Polémica por aviso que pide escoger abogados colegiados

Por: Felipe Ahumada Fotografía: La Discusión 09:50 PM 2017-09-26

Profesionales que no son miembros dicen que la ética y conocimiento se ven en la trayectoria

Controversia se genera luego de reclamos por juristas de mala calidad

En pocas profesiones el honor es la referencia principal para ofrecer servicios, como la de los abogados. Por esa razón el Colegio de Abogados de Chillán publicó en diversos medios de la capital de Ñuble un aviso en el que advertía a los posibles clientes sobre la falta de ética con el que algunos de sus colegas estaban actuando.

En el aviso se censuraba la práctica de autopublicitarse en Facebook, repartiendo volantes o tarjetas y con lienzos ofreciendo consultas gratis. El argumento para tal crítica era básicamente el decoro.

Sin embargo, había un segundo punto que ha causado polémica en el gremio local y es el llamado a preferir a un abogado colegiado por sobre el que no lo está.

Nelson Sepúlveda, presidente del Colegio de Abogados de Chillán, aclara que “no estamos diciendo que un abogado colegiado es necesariamente mejor que otro que no lo está, sino que el que un colega esté colegiado significa que está sometido a una normativa ética y que en caso que actúe de mala manera, podremos sancionarlo”.

La sanción, en todo caso, es estrictamente moral. No pueden, por ejemplo, suspenderlo de la actividad ni hacerlo pagar multas o devolver dinero.

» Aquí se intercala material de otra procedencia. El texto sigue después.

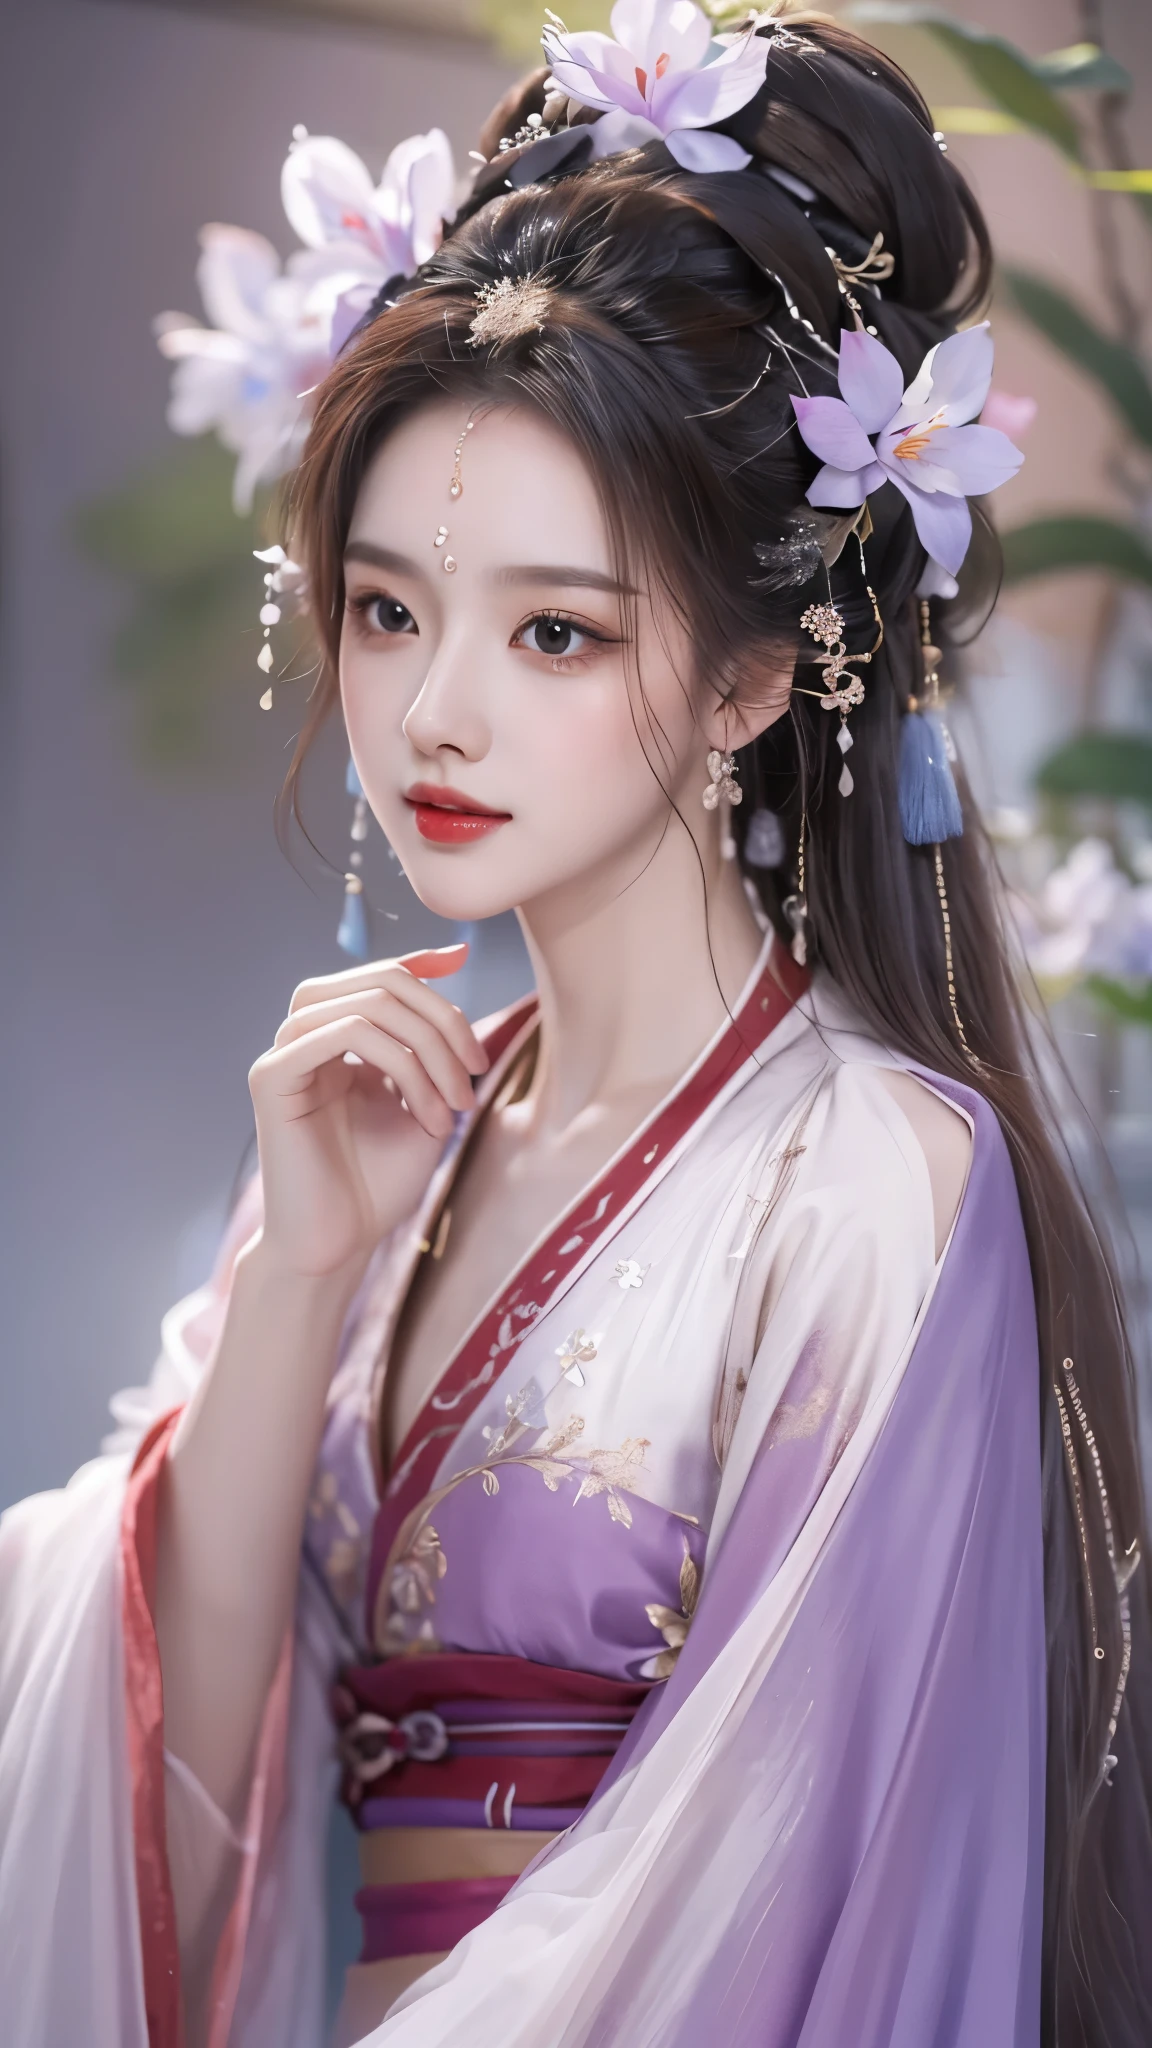 hanfu-song, hanfu, song theme, bandeau, tube top, ((knee shot)), ((masterpiece, best quality)), ((bare shoulders)), ((The skirt is short)), ((Sexy slender legs)), red lips, a mature woman, cosmetic, lifelike、real picture、((realistically:1.5))、White phalaenopsis around hair，Lilac dendrobium、White Lily、1 girl、brown hair、flowing hair、plump breasts, slim body, Charming legs, bright smile, strike an elegant pose, Have extremely beautiful facial features、hairpins on head、perfect hands、(night、moon、cliff)、 vector art、Chinese contemporary art、soft light、look down
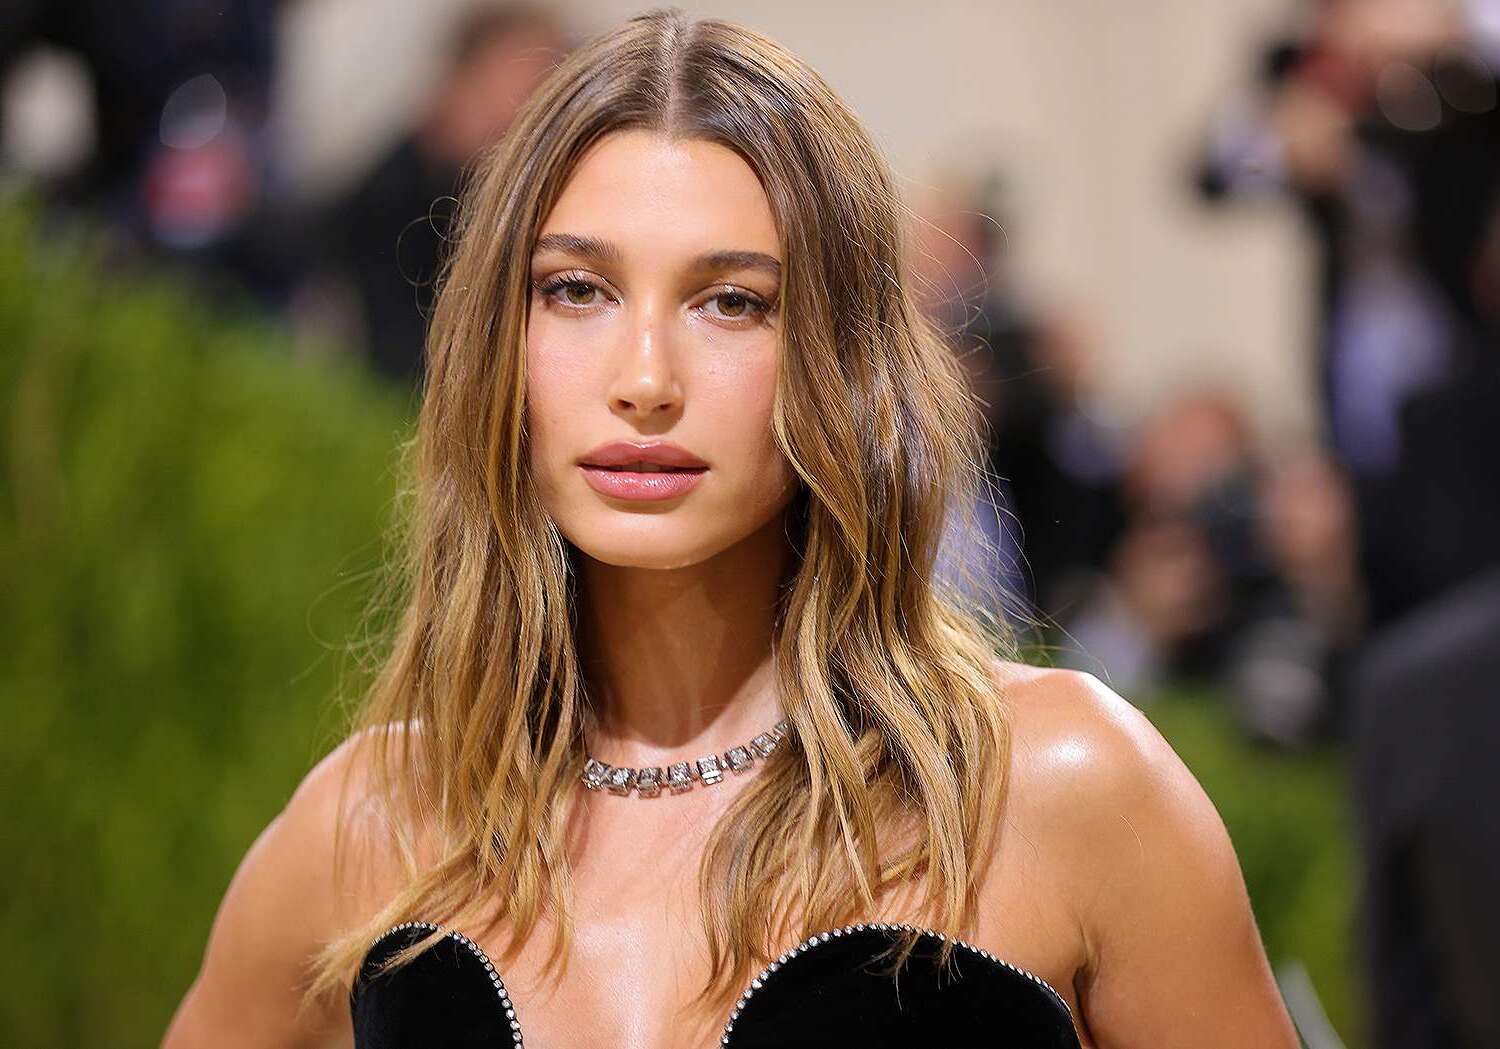 Hailey Bieber Upset With Father Stephen Baldwin's Public Request For Prayers

En Chillán se estima que solo un 45% de los abogados está colegiado, de un universo de 400 profesionales activos, aproximadamente. Entre los que no están figuran todos los fiscales de Chillán y los ministros de la Corte de Apelaciones.

Rodrigo Vera Lama es uno de lo que no está colegiado. Es egresado de la Universidad de Concepción, ex fiscal militar, y magíster en Derecho Penal (UCSC). Para él “el estar o no colegiado no significa nada. No es como antes del 81. Lo único que se requiere es que te titules de la universidad que sea y que pagues 6 mil pesos mensuales. Por eso, hoy, en la cúpula del colegio, vemos abogados que no egresaron de universidades tradicionales, entonces no creo que ellos puedan sancionar éticamente a una persona que tiene una formación judicial propia de una universidad realmente exigente”.

Belén Acuña (UDD), defensora pública, tampoco colegiada, comenta que “lo que debe tomar en cuenta una persona para escoger un abogado es su desempeño y experiencia. Hoy es fácil informarse sobre el desempeño de los abogados en materias complejas, pero estar colegiado no garantiza nada, tampoco”.

Isaac Mora (UdeC) y magíster en Derecho, está en un punto intermedio. Pese a tener más de 20 años de experiencia en frentes laborales y civiles, su decisión de radicarse en Chillán  le hizo postular su membresía al Colegio.

“Creo que es bueno participar y debatir con otros colegas y ser parte de una institución que nos represente. Pero no diría que el ser o no ser colegiado es la única manera de separar a los abogados confiables de los que no lo son. Los factores son múltiples, pero no apruebo tampoco eso de los volantes, los lienzos o la publicidad en Facebook. Un abogado bueno hace de su propia carrera su estrategia de márketing. En este sentido, la universidad no es determinante, pero sí relevante”, sostiene.

Si para Antonio Guerra, jefe de la Defensoría Penal, miembro  del colegio, “es bueno participar y conversar con otros colegas sobre lo que pasa en nuestra profesión”, para Guido Sepúlveda, un referente de la abogacía chillaneja, y también colegiado, “es bueno que haya un código ético al que todos se sometan, pero hoy el colegio ya no es lo mismo que antes del 81, cuando dejó de ser obligatorio colegiarse. Hoy el Colegio perdió la voz, cada  vez se les escucha menos”.